PROBLEM DETAILS:
Please restate each line of the data below exactly. Omit all images.

===== DATASET EXTRACT

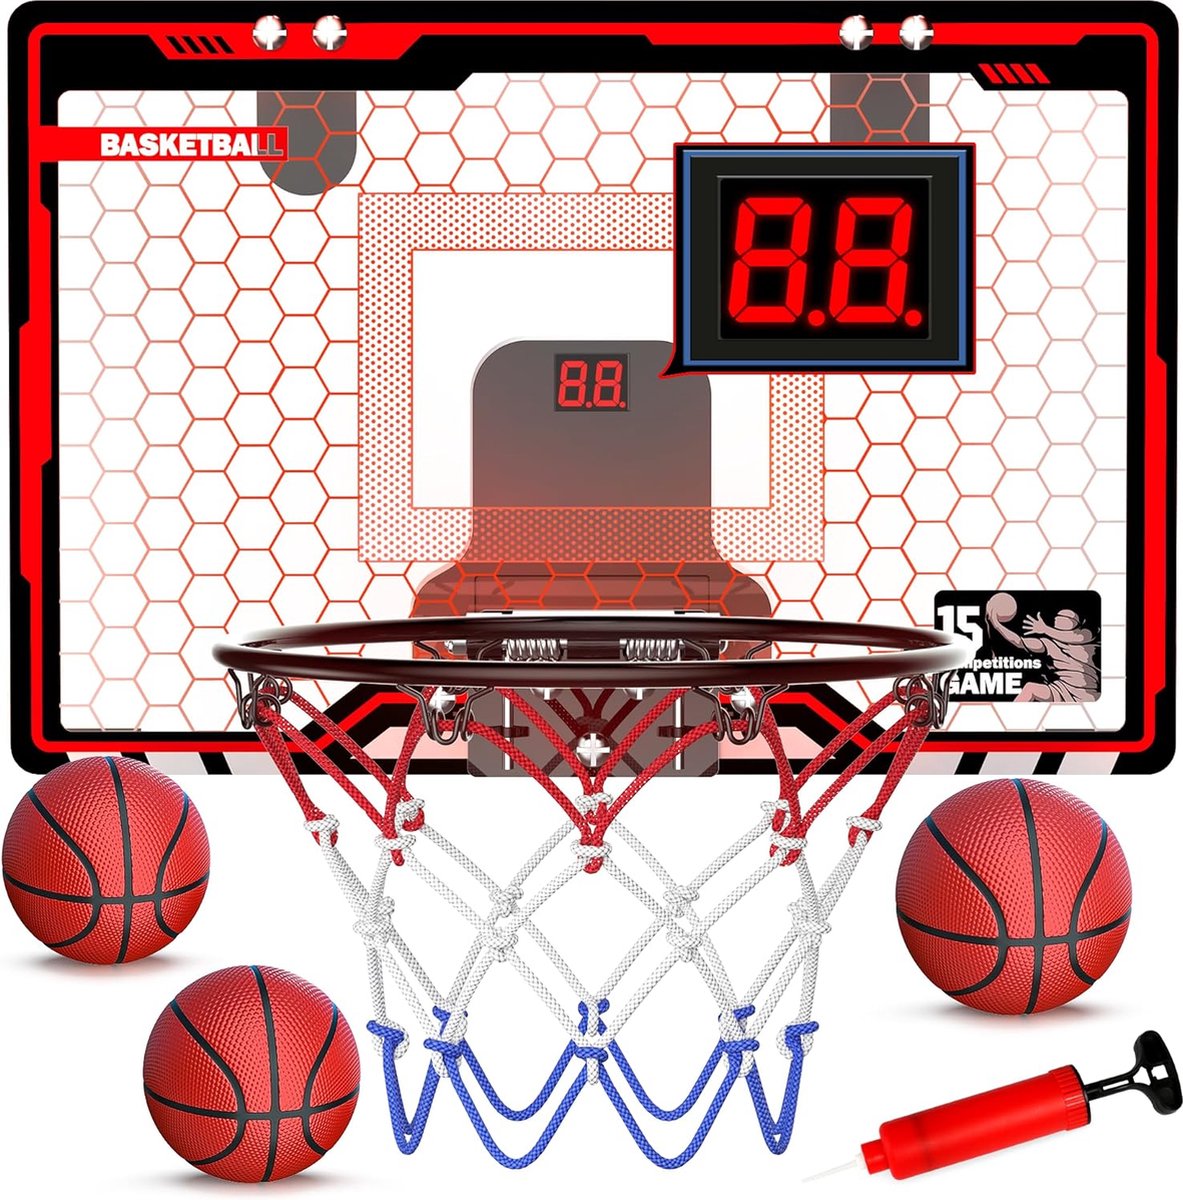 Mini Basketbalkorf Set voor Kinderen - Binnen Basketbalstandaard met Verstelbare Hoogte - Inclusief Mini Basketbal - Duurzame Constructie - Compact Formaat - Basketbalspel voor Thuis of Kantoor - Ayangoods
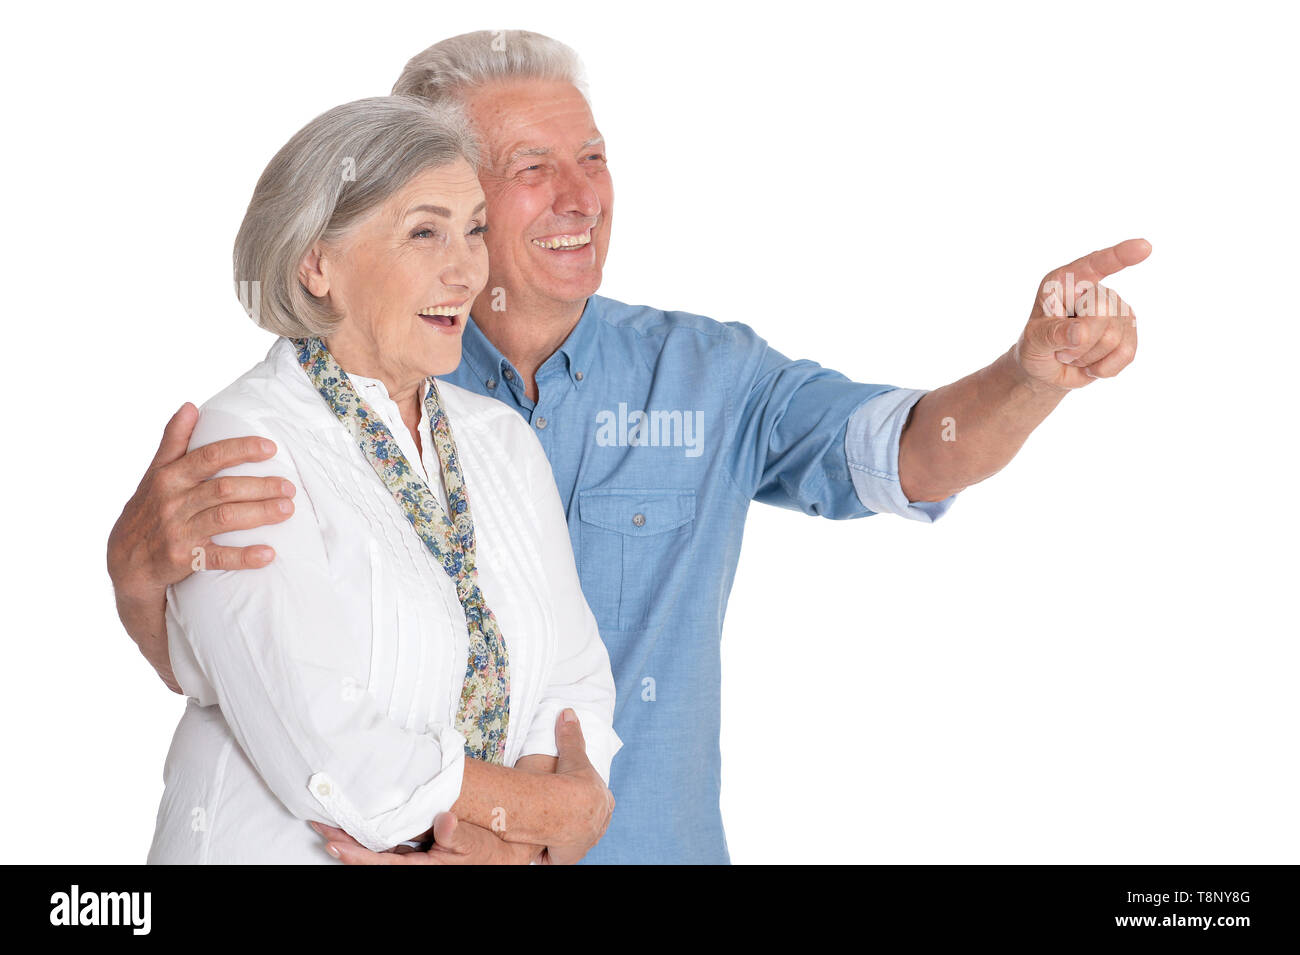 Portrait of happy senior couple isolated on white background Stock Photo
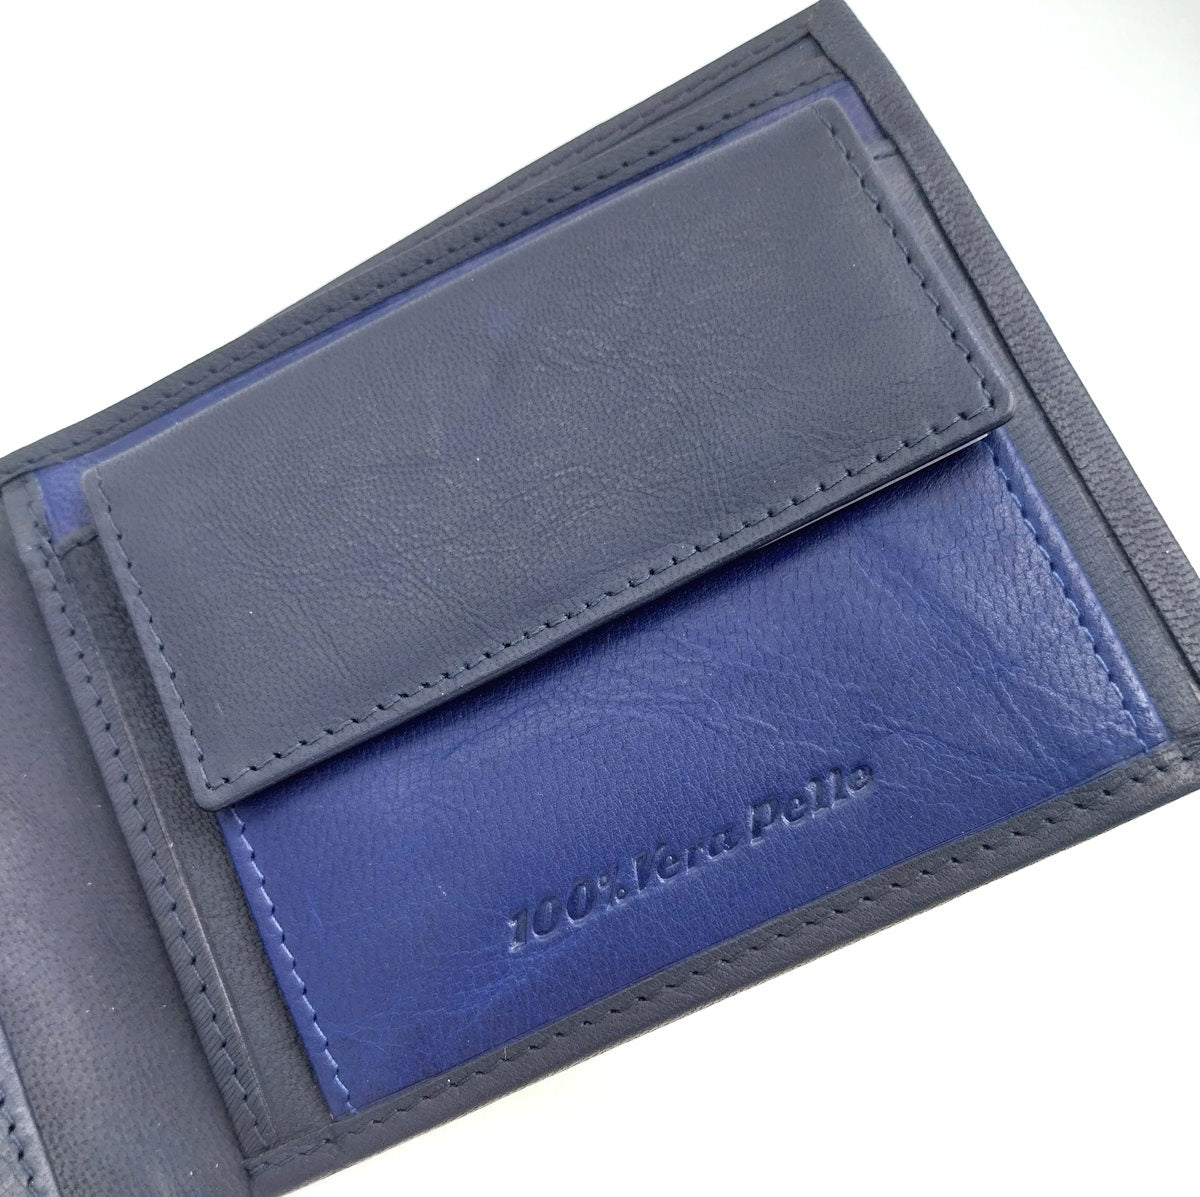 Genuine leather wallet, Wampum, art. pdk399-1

==========

THE COMPLETED TASK:
 Mini Basketbalkorf Set voor Kinderen - Binnen Basketbalstandaard met Verstelbare Hoogte - Inclusief Mini Basketbal - Duurzame Constructie - Compact Formaat - Basketbalspel voor Thuis of Kantoor - Ayangoods
 Portrait of happy senior couple isolated on white background Stock Photo
 Genuine leather wallet, Wampum, art. pdk399-1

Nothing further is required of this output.